Until March 19 this year, Felicity Callard, a 49 year-old British university professor and lecturer, was fit, active and strong. Now, she says, she’s exhausted, frail and scared.
Her mind fills with fears about what kind of damage might have been done to her heart, lungs and brain when she suffered what is classified as a “mild” case of COVID-19 more than five months ago – and she’s terrified it might happen again.
“I was absolutely, completely destroyed by this illness,” she told Reuters. “My life has completely changed. I’m basically confined to a kilometre from my house and back – because that’s as far as I can walk.”
Back in March, she says, she felt more individual control over her health.
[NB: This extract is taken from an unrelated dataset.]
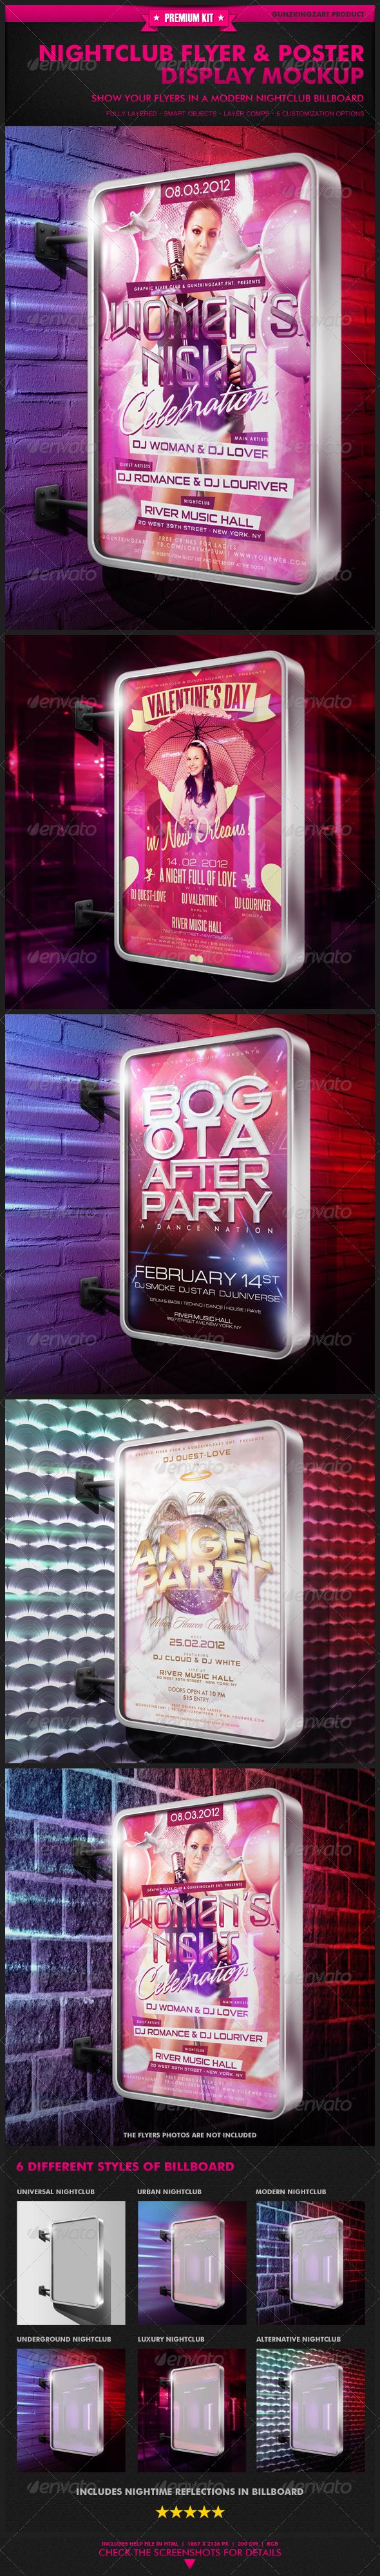 Nightclub Flyer & Poster Display Mockup - Flyers Print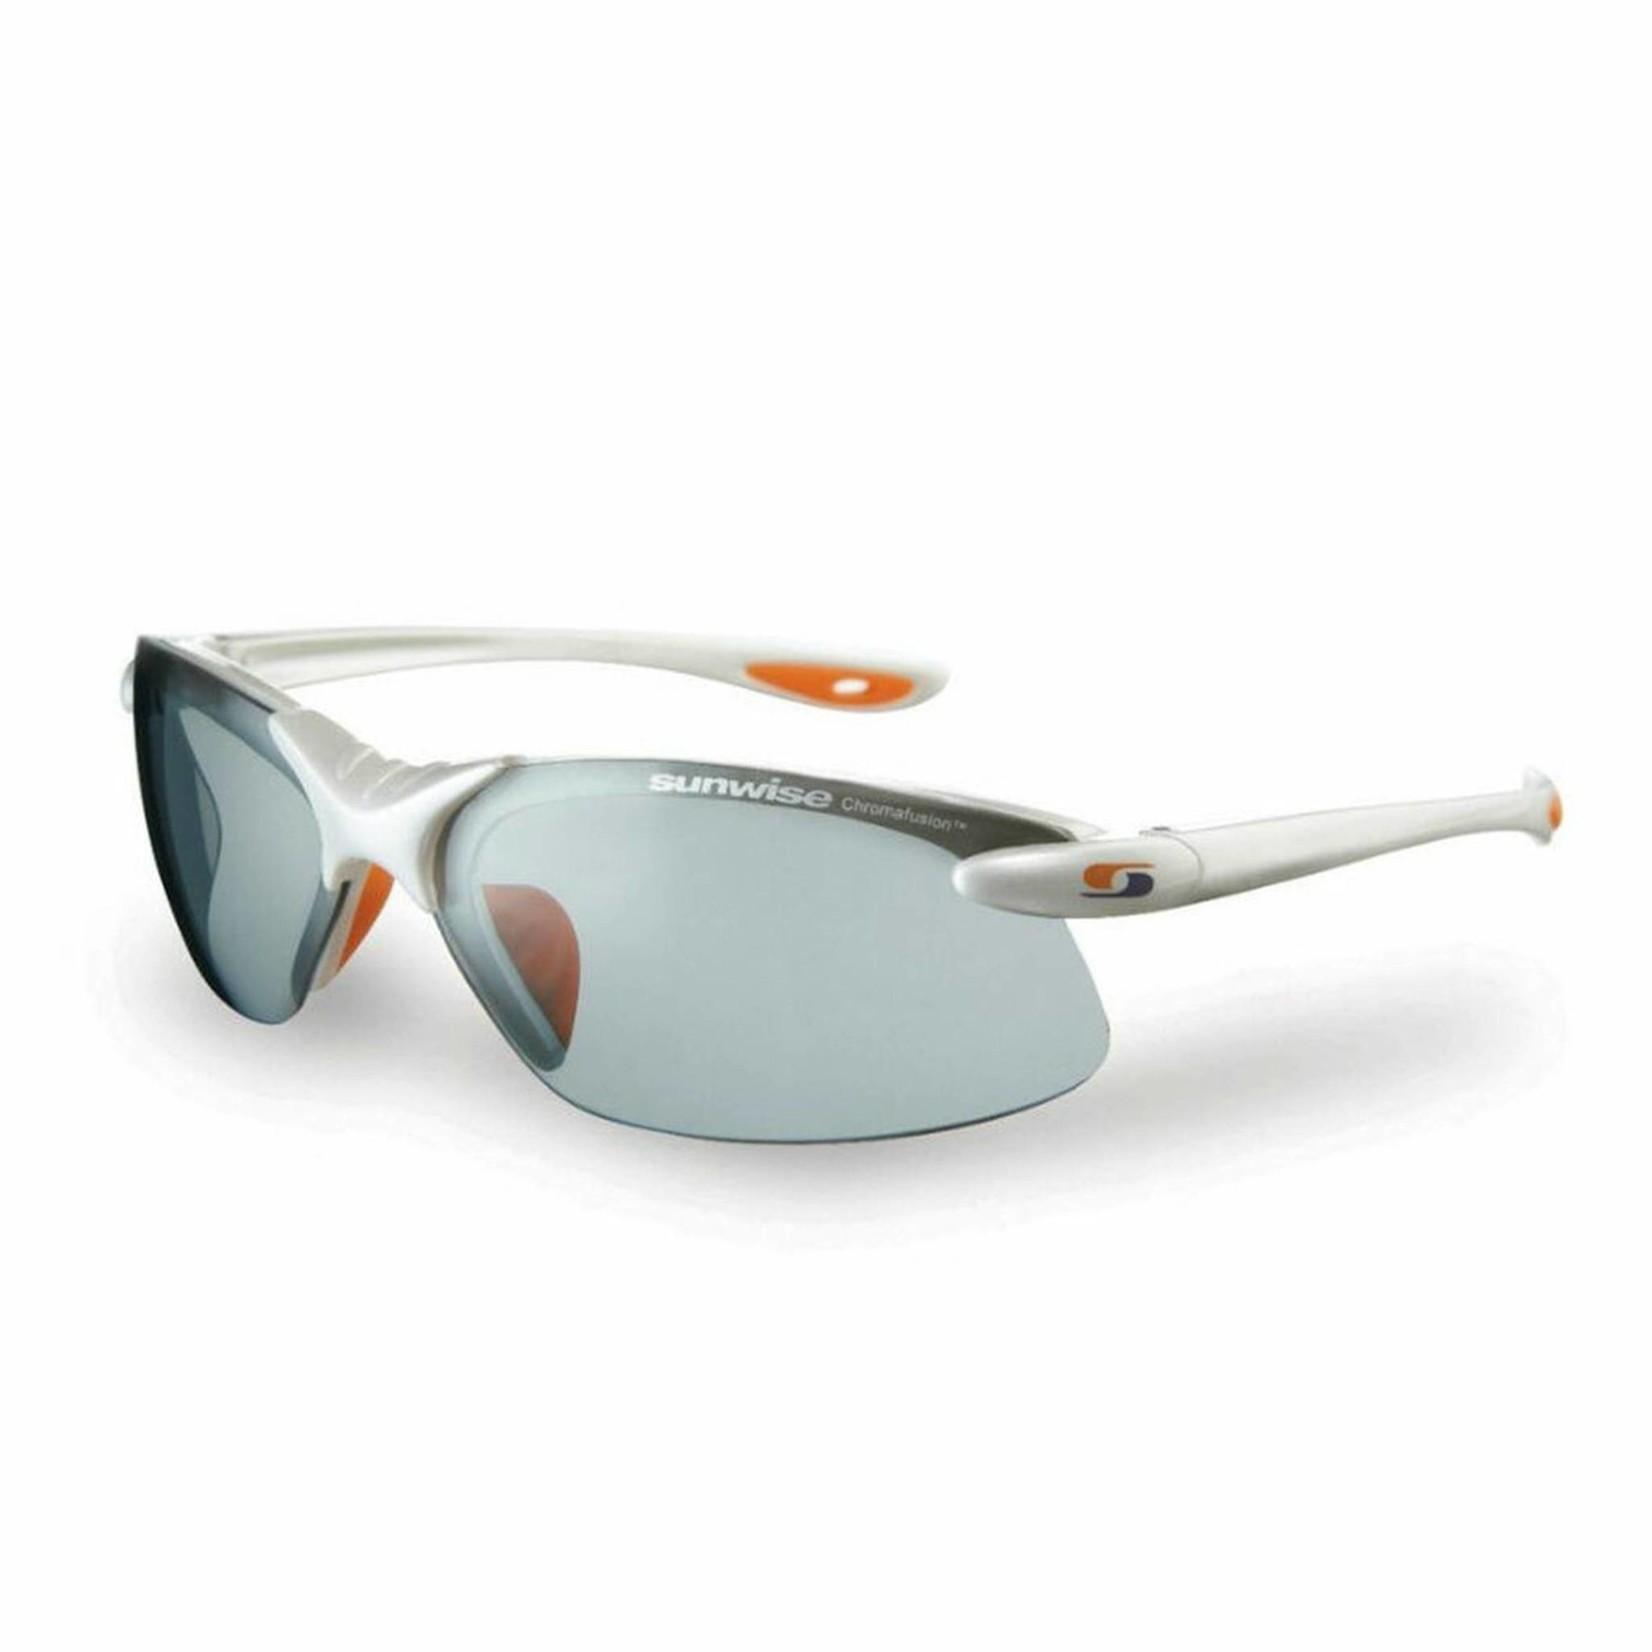 Sunwise Waterloo Photochromic Sunglasses White

She was reassured in part by messages that the vast majority of cases are mild, and that good infection control, hand hygiene and social distancing would reduce the risk of contracting COVID-19. Now, however, she feels as though “the threat is everywhere.”
Callard is one of thousands of people worldwide who are reporting a wide range of ongoing symptoms many months after being diagnosed with COVID-19. Some call themselves COVID “long haulers”, while others have adopted the term “long COVID” to describe their condition.
Breathlessness, memory loss, extreme fatigue, headaches, brain fog, muscle pain and swelling joints, are commonly described among multiple recurring symptoms in global online patient advocacy blogs and chatrooms.
And for many, the anxiety, depression and dread are at least as debilitating as the physical frailties.
“That’s been the pattern – relapse and remit – for so many of us,” said Sandra Edwards, a 46-year-old Briton who now helps run a newly-formed patient advocacy group called LongCovidSOS.
“We’re in no man’s land. We don’t know if this is chronic or if it will come to a point where we’ll make a full recovery,” she told Reuters. “You wake up in the morning and don’t know how you’re going to feel – not just day by day, but sometimes hour by hour. It slowly chips away at you.”
According to LongCovidSOS, data from a symptom tracker app devised by King’s College London scientists shows that 10% of COVID-19 patients are still unwell after three weeks, and up to 5% may continue to be sick for months.
“Mentally, you feel abandoned,” said Morena Colombi, a 59-year-old from Truccazzano in the Italian province of Milan who was diagnosed with COVID-19 in February and is still suffering symptoms. “Even the doctors don’t know how to help you.”
“Maybe one day you get better, and the next day you pay for it,” she told Reuters. “You can no longer resume your life as before and that makes you depressed.”
Til Wykes, a psychology professor at King’s College London’s Institute of Psychiatry, Psychology & Neuroscience (IPPN), notes that uncertainty is a key feature of anxiety. The unknown progression of the disease leaves doctors unsure of how to help, and can make patients feel fearful and alone.
“For most illnesses we have an understanding about what will happen first, what will happen next, and what to expect,” she said. “The problem (with COVID) is that the symptoms come, then seem to be abating, but then they come back again.”
After the World Health Organization met groups representing long-term COVID sufferers last month, the WHO’s director general Tedros Adhanom Ghebreyesus assured them: “We hear you loud and clear”.
But he cautioned: “We still know relatively little about the long-term effects. We only have less than eight months of experience (of the coronavirus pandemic) to draw on.”
Patients like Callard and Edwards say they recognise doctors are dealing with a completely new disease caused by a novel virus, so can’t be expected to have all the answers. But they and mental health specialists say the psychological impact of this unpredictability and lack of control make things worse.
Rona Moss-Morris, head of psychology at the IPPN, says evidence from previous disease outbreaks and from studies of patients who have been in critical or intensive care shows a significant impact on levels of anxiety, depression and post-traumatic stress disorder (PTSD).
“And it’s also very frightening for people being at home – and not in hospital – and feeling they can barely breathe, for example,” she told Reuters.
“We’re hearing horror stories from people who were in that kind of situation.”